=== INFORMATION SUPPLIED ===

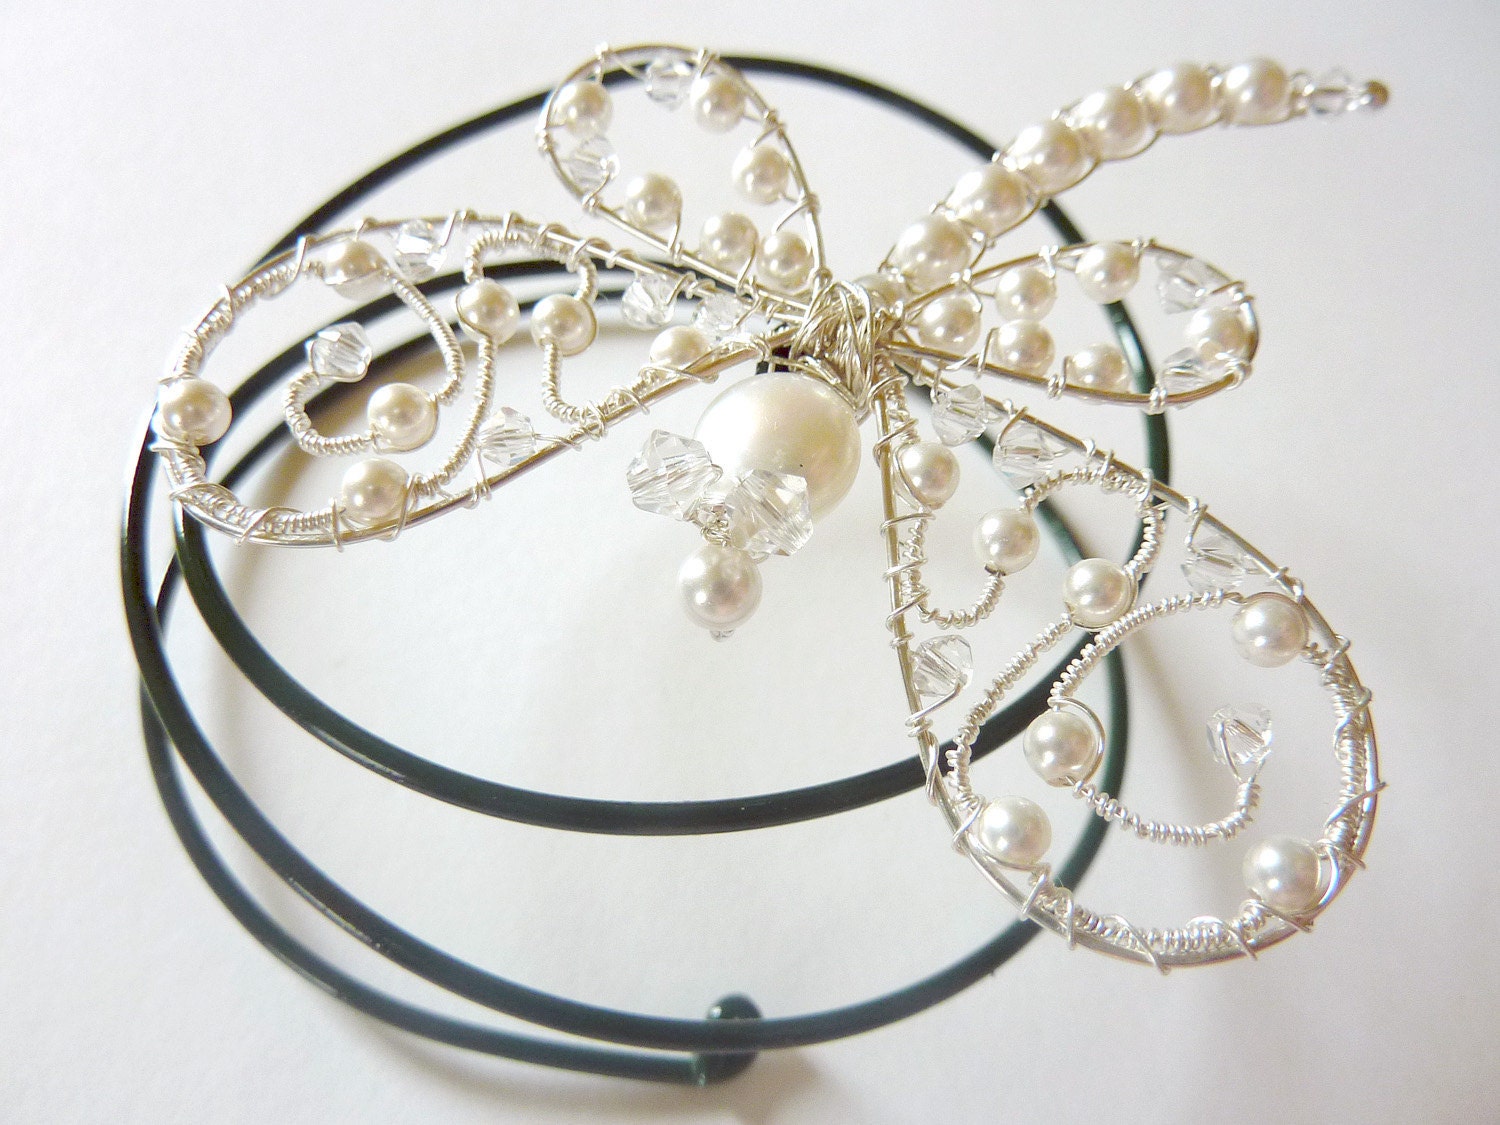 White Swarovski Pearl Ornate Dragonfly Hair Pin, Brooch or Bouquet decoration
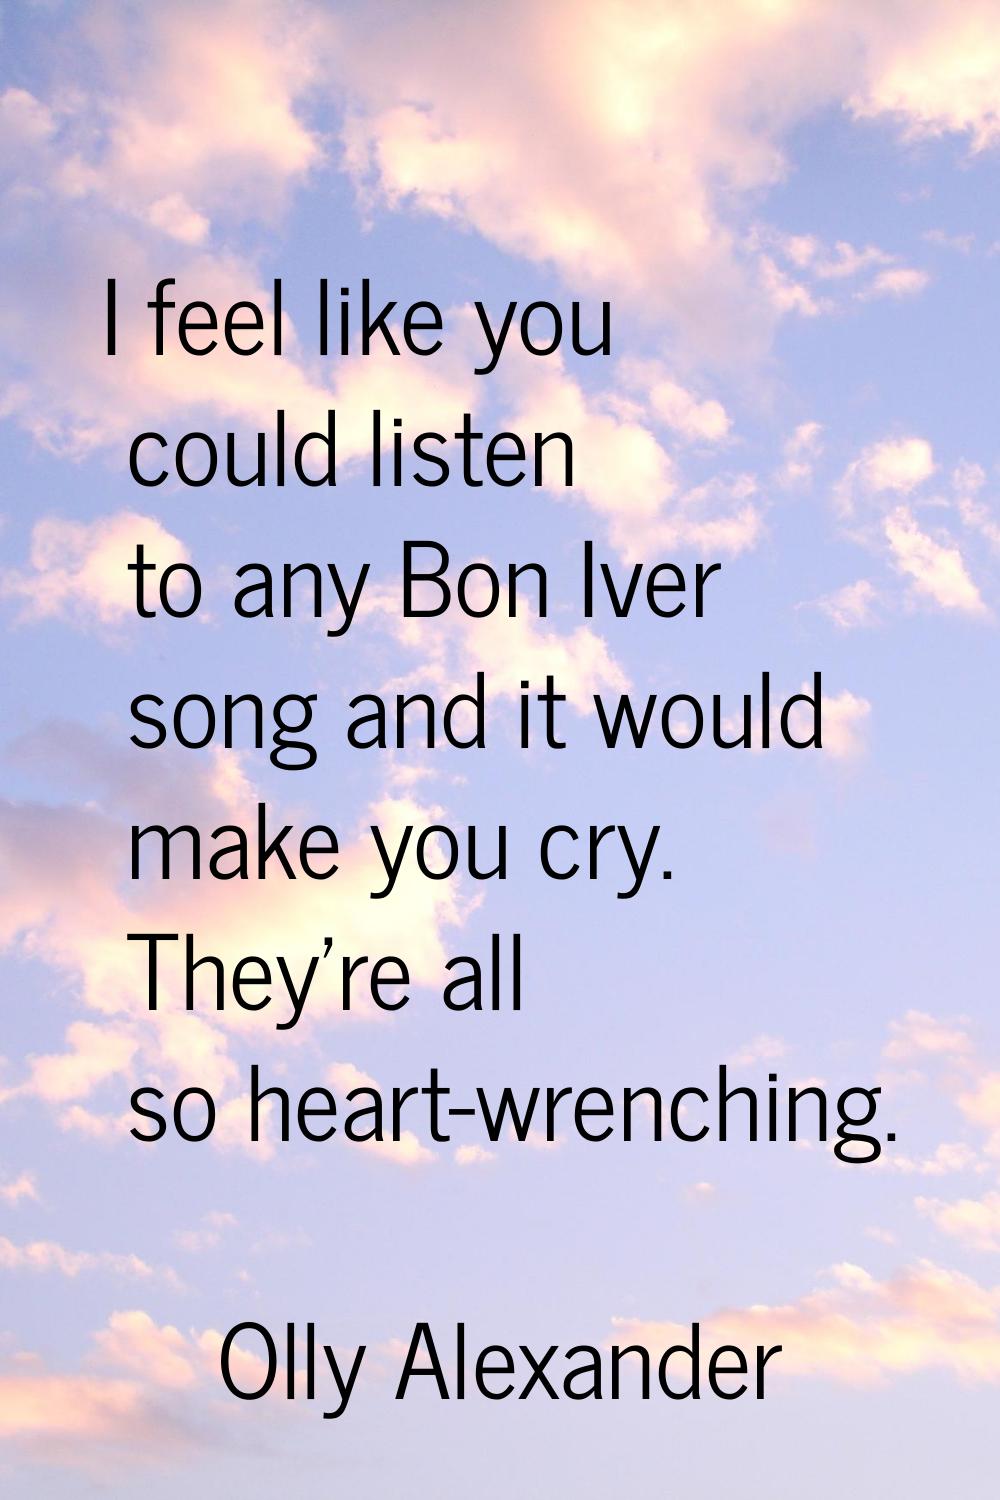 I feel like you could listen to any Bon Iver song and it would make you cry. They're all so heart-w
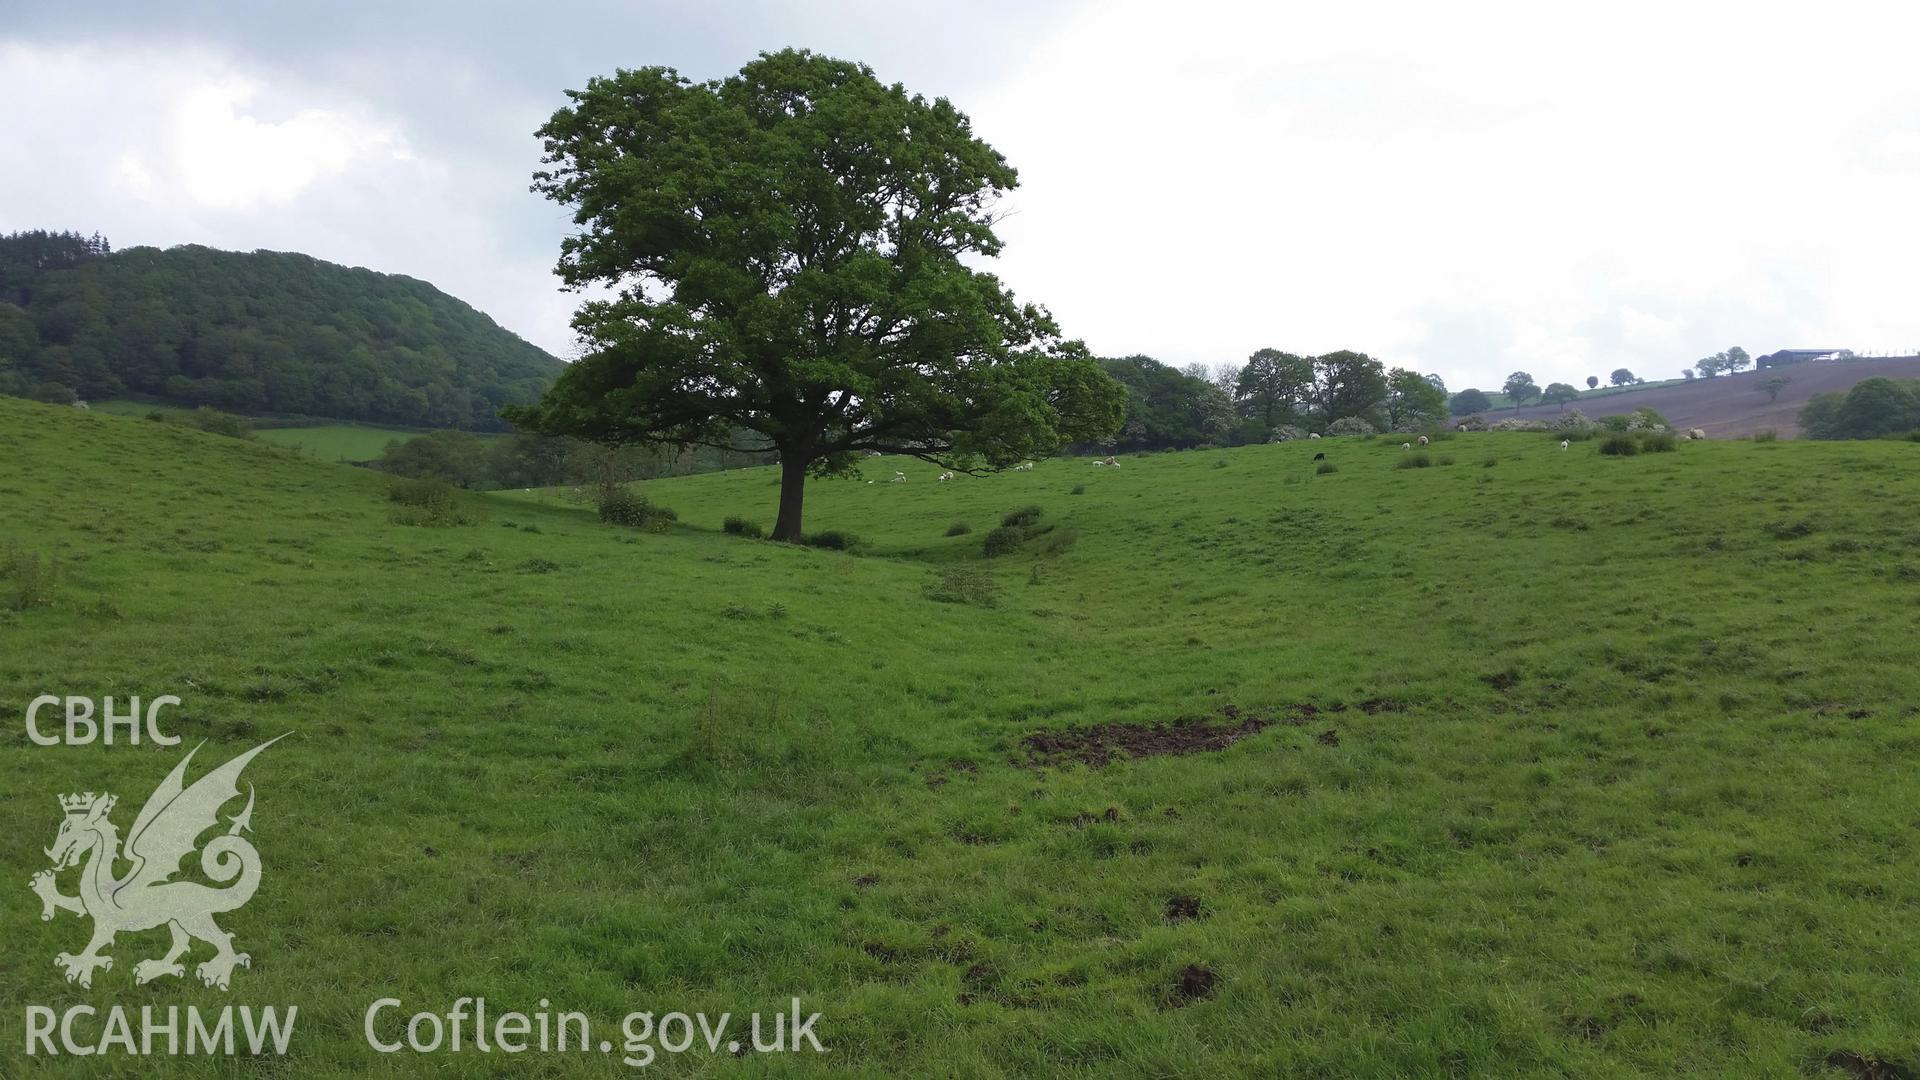 Digital colour photograph of the Maes Moydog battlefield. Photographed during Phase Three of the Welsh Battlefield Metal Detector Survey, carried out by Archaeology Wales, 2012-2014. Project code: 2041 - WBS/12/SUR.
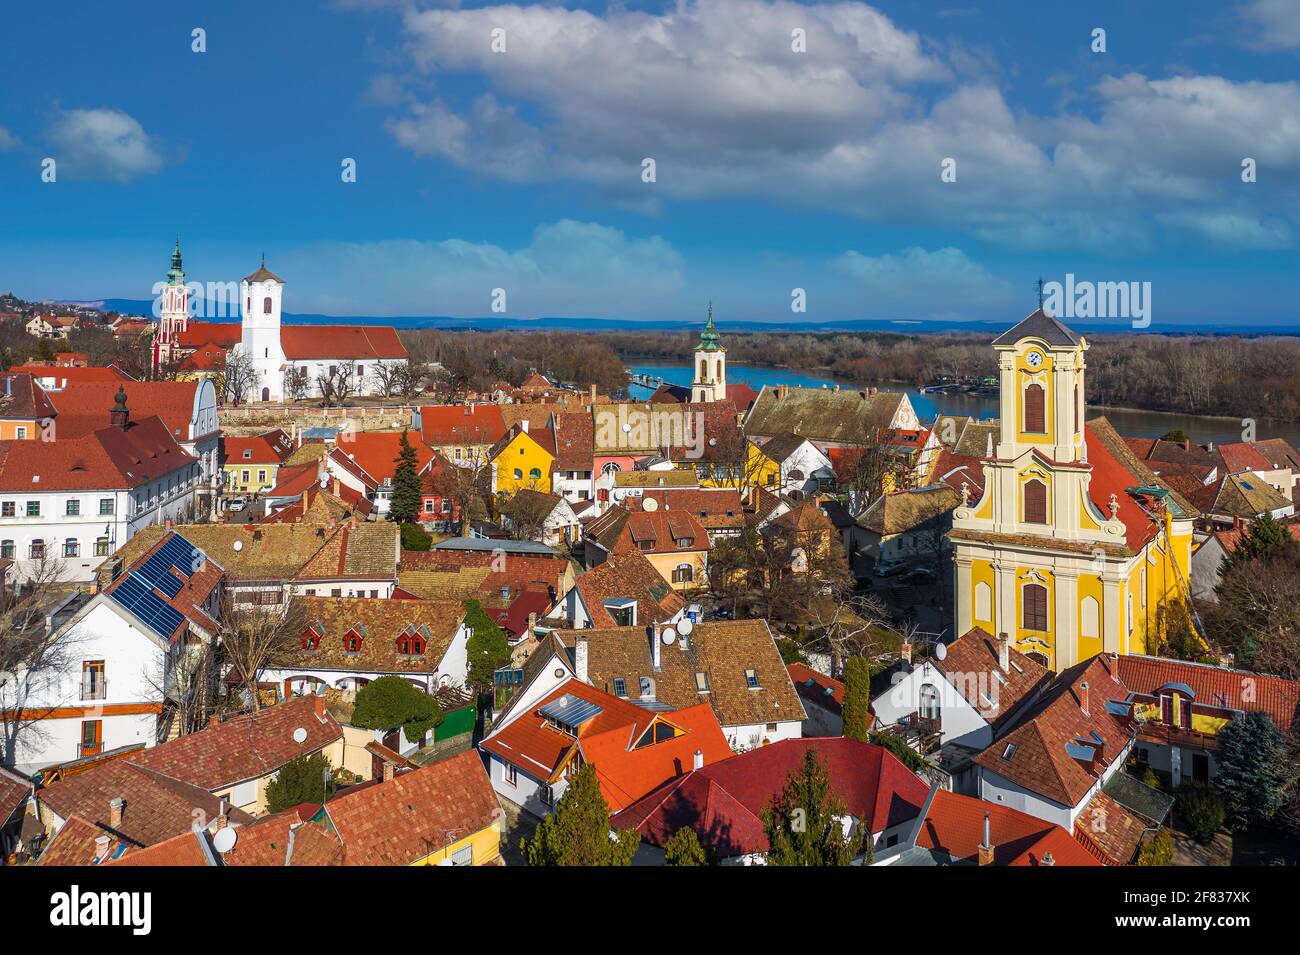 Szentendre, hungary - Aerial view of the city of Szentendre on a sunny day with Belgrade Serbian Orthodox Cathedral, Saint John the Baptist's Parish C Stock Photo

===

**TASK REQUIREMENTS:** Leaving out the images, repeat the listing above exactly.

**EXERCISE SOLUTION:**
 White Swarovski Pearl Ornate Dragonfly Hair Pin, Brooch or Bouquet decoration
 I feel like you could listen to any Bon Iver song and it would make you cry. They're all so heart-w
 Digital colour photograph of the Maes Moydog battlefield. Photographed during Phase Three of the Welsh Battlefield Metal Detector Survey, carried out by Archaeology Wales, 2012-2014. Project code: 2041 - WBS/12/SUR.
 Szentendre, hungary - Aerial view of the city of Szentendre on a sunny day with Belgrade Serbian Orthodox Cathedral, Saint John the Baptist's Parish C Stock Photo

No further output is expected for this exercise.